Agent Pipeline (All 16 Stages)

Autonomous agent with tools, evaluation, memory, and loop control:

from geny_executor import PipelinePresets
from geny_executor.tools import ToolRegistry, Tool, ToolResult, ToolContext

class SearchTool(Tool):
    @property
    def name(self) -> str:
        return "search"

    @property
    def description(self) -> str:
        return "Search the web for information"

    @property
    def input_schema(self) -> dict:
        return {
            "type": "object",
            "properties": {
                "query": {"type": "string", "description": "Search query"}
            },
            "required": ["query"],
        }

    async def execute(self, input: dict, context: ToolContext) -> ToolResult:
        # Your search implementation
        return ToolResult(content=f"Results for: {input['query']}")

registry = ToolRegistry()
registry.register(SearchTool())

pipeline = PipelinePresets.agent(
    api_key="sk-ant-...",
    system_prompt="You are a research assistant. Use tools to find answers.",
    tools=registry,
    max_turns=20,
)

result = await pipeline.run("Find the latest Python release version")

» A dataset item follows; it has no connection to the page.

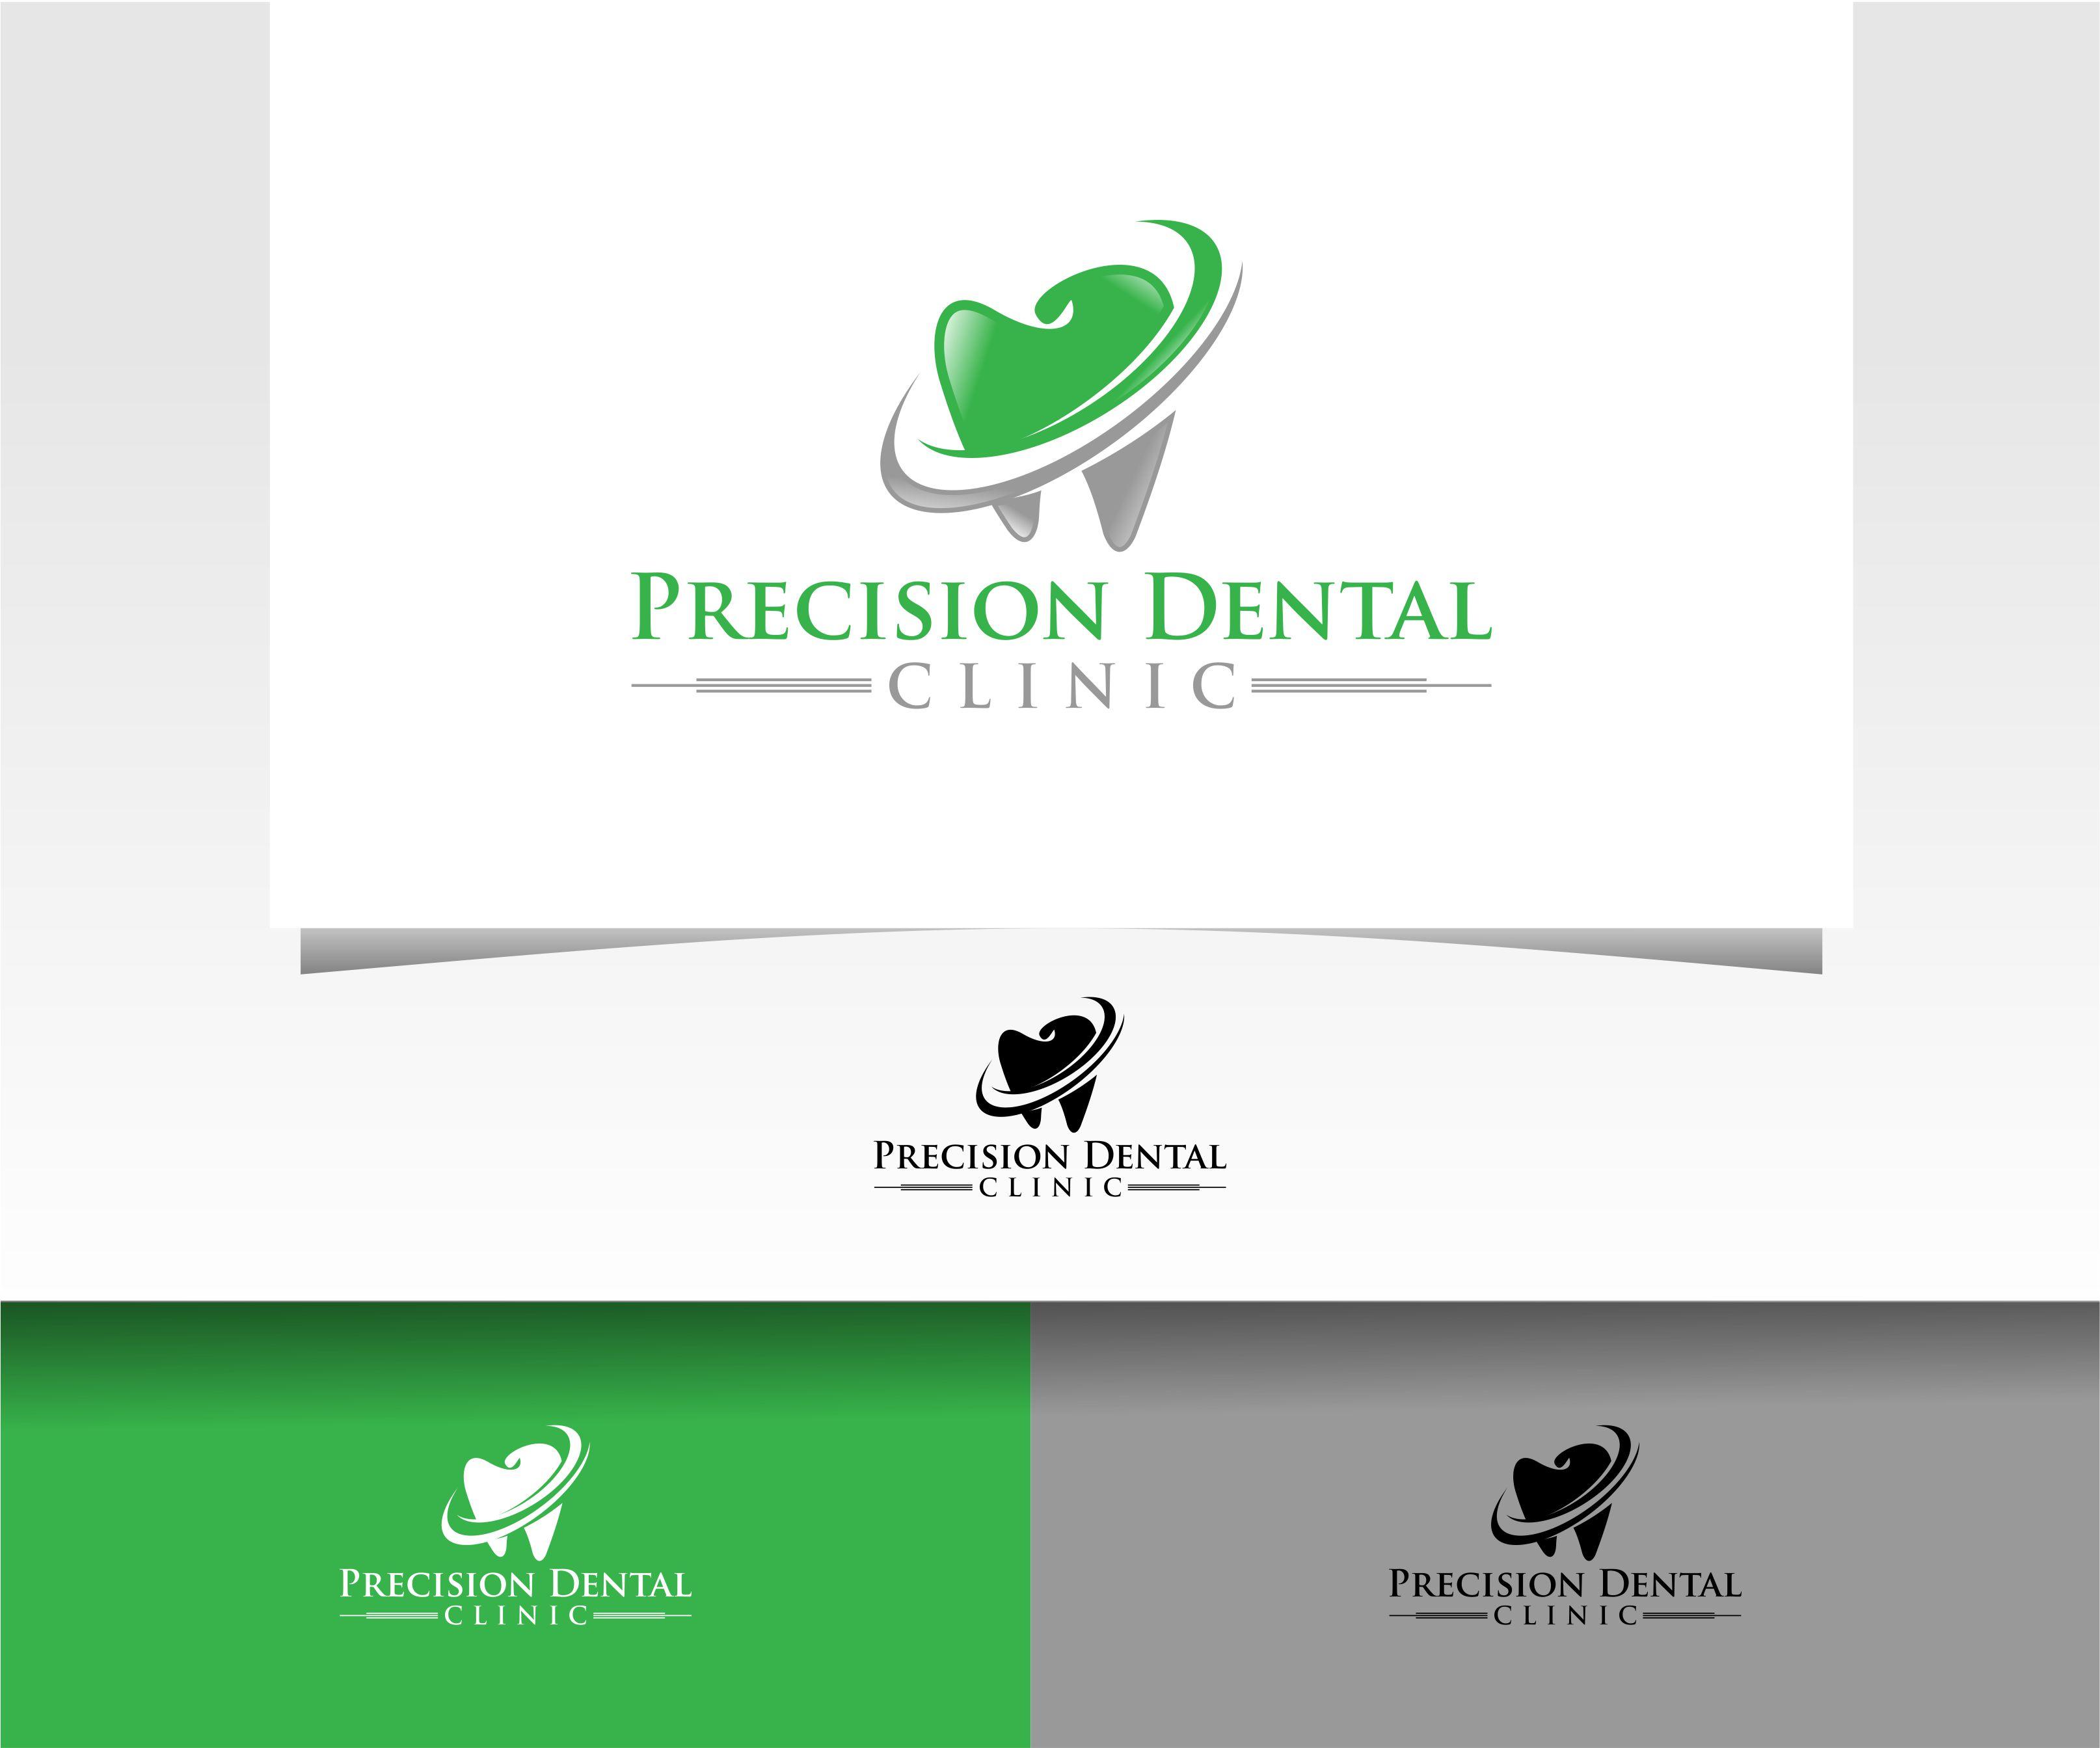 Logo Design by Raymond Garcia - Entry No. 57 in the Logo Design Contest Captivating Logo Design for Precision Dental Clinic.
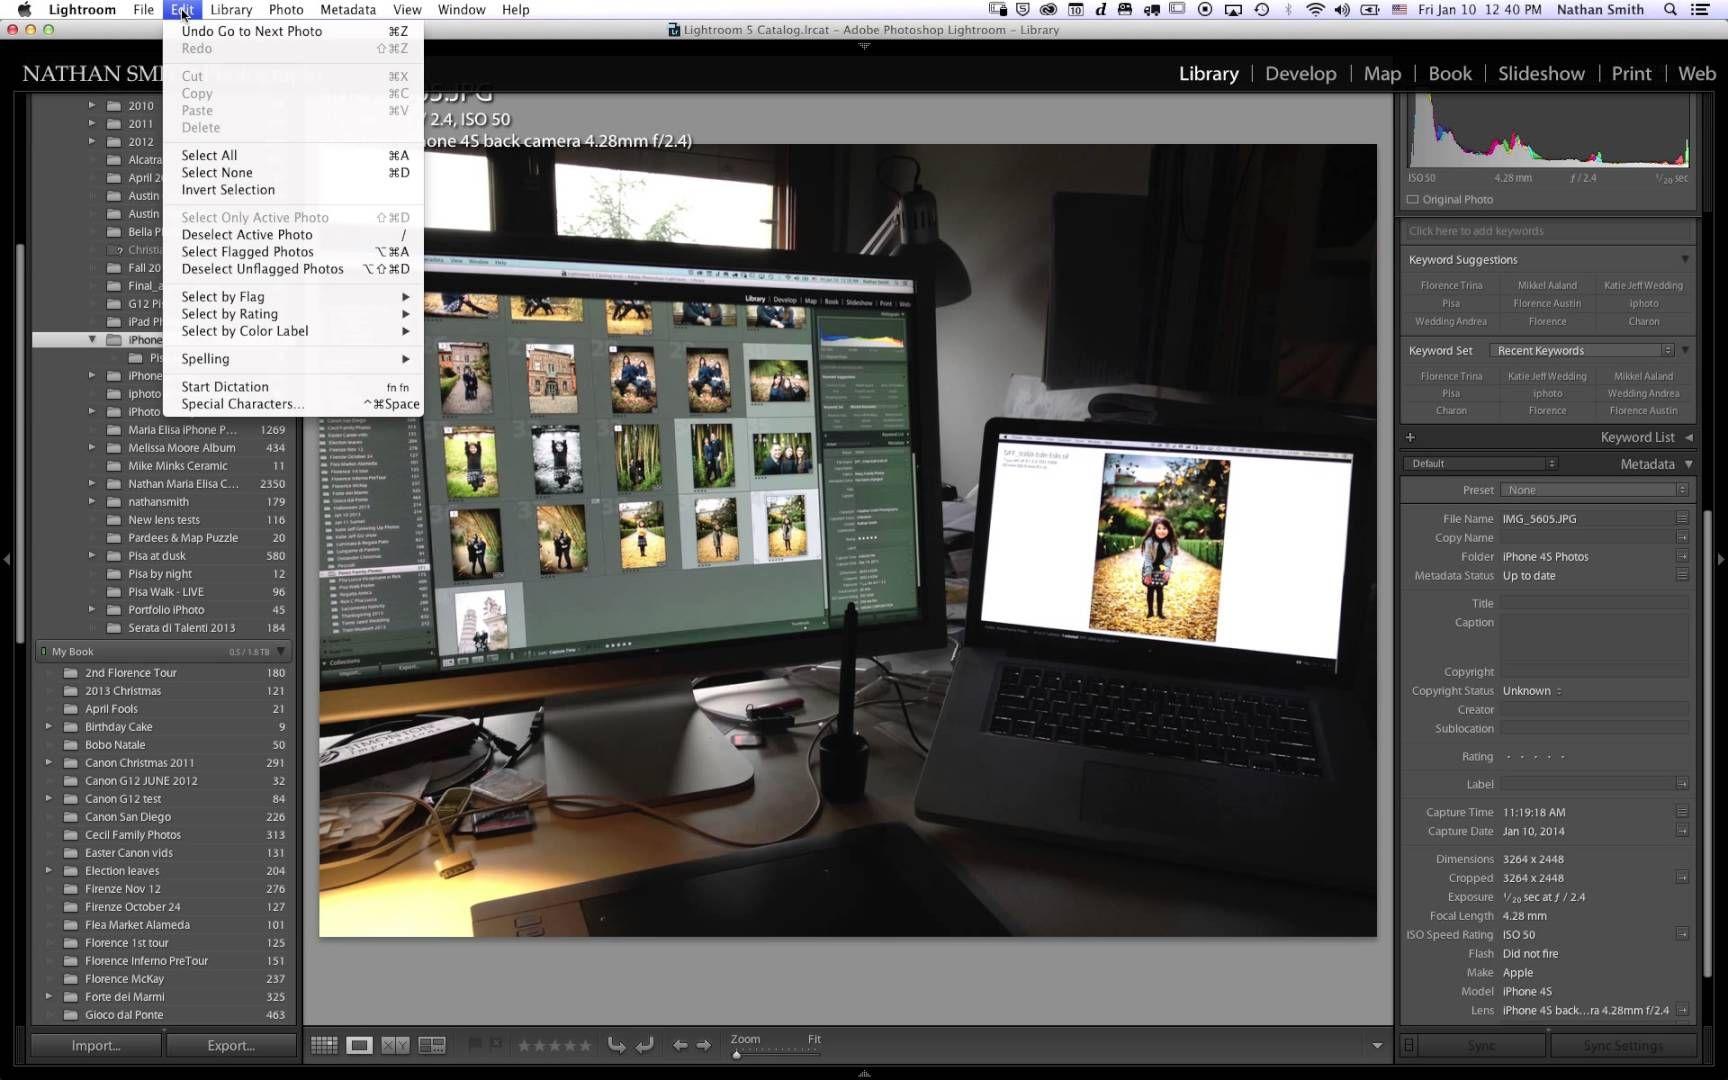 Wacom Intuos Pro Setup - LR 5 & Photoshop - SEE BELOW

Custom Pipeline with Builder

Fine-grained control over every stage:

from geny_executor import PipelineBuilder

pipeline = (
    PipelineBuilder("my-agent", api_key="sk-ant-...")
    .with_model(model="claude-sonnet-4-20250514", max_tokens=4096)
    .with_system(prompt="You are a concise assistant.")
    .with_context()
    .with_guard(cost_budget_usd=1.0, max_iterations=30)
    .with_cache(strategy="aggressive")
    .with_tools(registry=my_registry)
    .with_think(enabled=True, budget_tokens=10000)
    .with_evaluate()
    .with_loop(max_turns=30)
    .with_memory()
    .build()
)

result = await pipeline.run("Complex multi-step task here")

Manual Pipeline Construction

For maximum control, assemble stages directly:

from geny_executor import Pipeline, PipelineConfig
from geny_executor.stages.s01_input import InputStage
from geny_executor.stages.s06_api import APIStage, MockProvider
from geny_executor.stages.s09_parse import ParseStage
from geny_executor.stages.s16_yield import YieldStage

config = PipelineConfig(name="custom", api_key="sk-ant-...")
pipeline = Pipeline(config)

pipeline.register_stage(InputStage())
pipeline.register_stage(APIStage(provider=MockProvider(responses=["Hello!"])))
pipeline.register_stage(ParseStage())
pipeline.register_stage(YieldStage())

result = await pipeline.run("Test input")

Sessions

Persistent state management across multiple interactions:

from geny_executor import PipelinePresets
from geny_executor.session import SessionManager

manager = SessionManager()
pipeline = PipelinePresets.chat(api_key="sk-ant-...")

# Create a session — state persists across runs
session = manager.create(pipeline)
result1 = await session.run("My name is Alice")
result2 = await session.run("What's my name?")  # Remembers context

# List active sessions
for info in manager.list_sessions():
    print(f"Session {info.session_id}: {info.message_count} messages, ${info.total_cost_usd:.4f}")

Event System

Real-time observability with pub/sub events:

from geny_executor import PipelinePresets

pipeline = PipelinePresets.agent(api_key="sk-ant-...")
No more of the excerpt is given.